··· Information ···
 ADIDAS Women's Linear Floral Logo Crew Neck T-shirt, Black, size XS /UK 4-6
···
··· Information ···
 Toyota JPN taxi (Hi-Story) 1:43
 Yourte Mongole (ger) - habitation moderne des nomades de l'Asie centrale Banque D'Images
···
··· Information ···
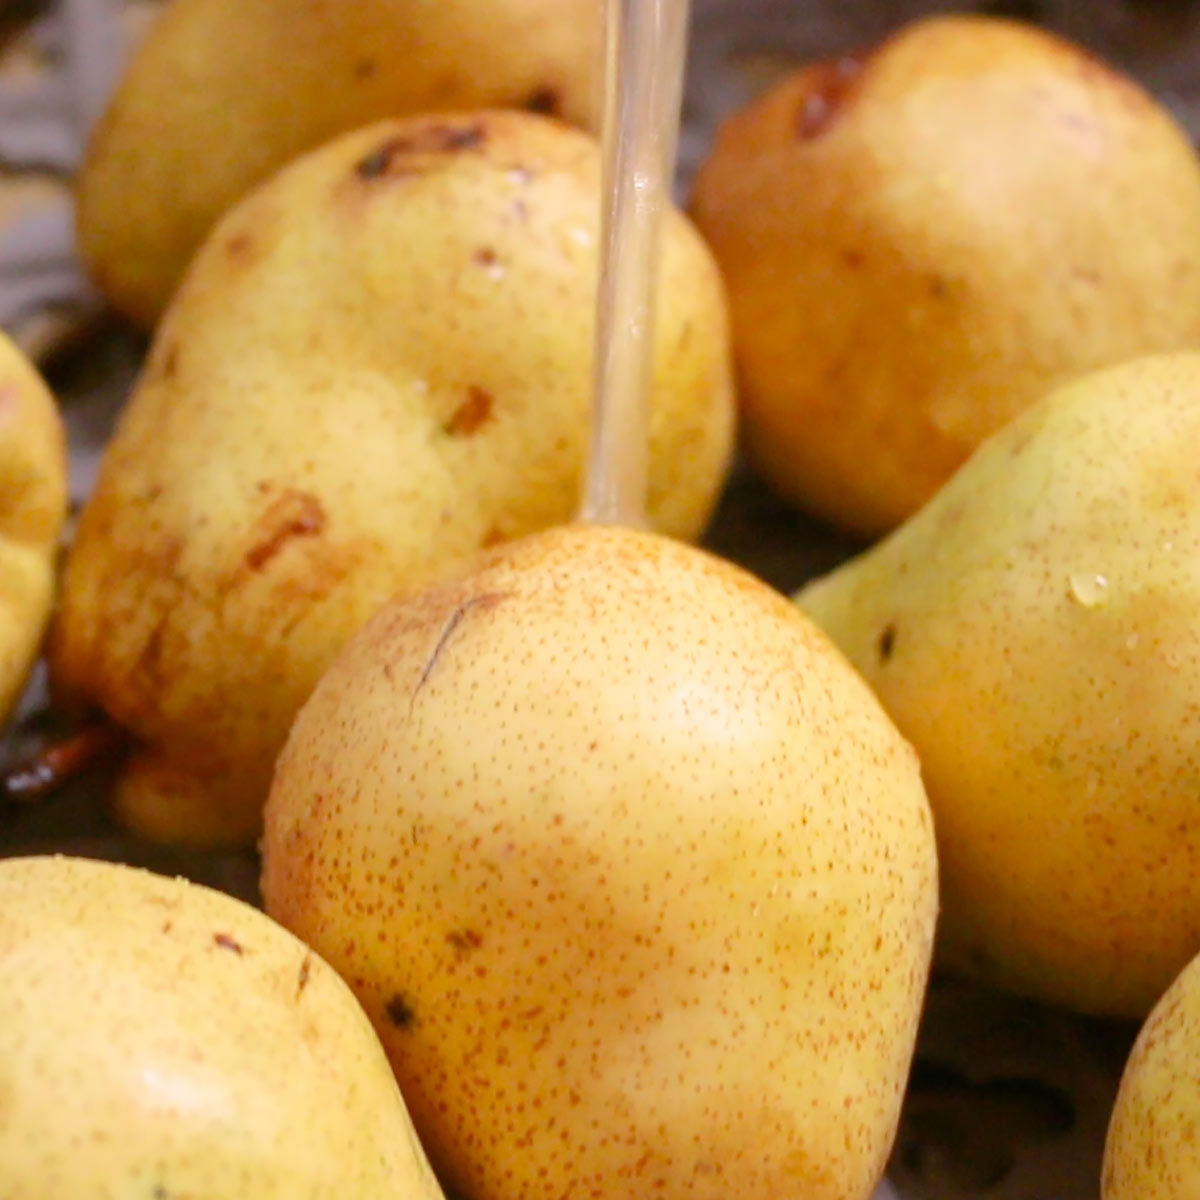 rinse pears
···
Using the records above, copy word for word the line with "Toyota JPN taxi (Hi-Story) 1:43", the line with "Yourte Mongole (ger)", and every line between them.

Answer box
 Toyota JPN taxi (Hi-Story) 1:43
 Yourte Mongole (ger) - habitation moderne des nomades de l'Asie centrale Banque D'Images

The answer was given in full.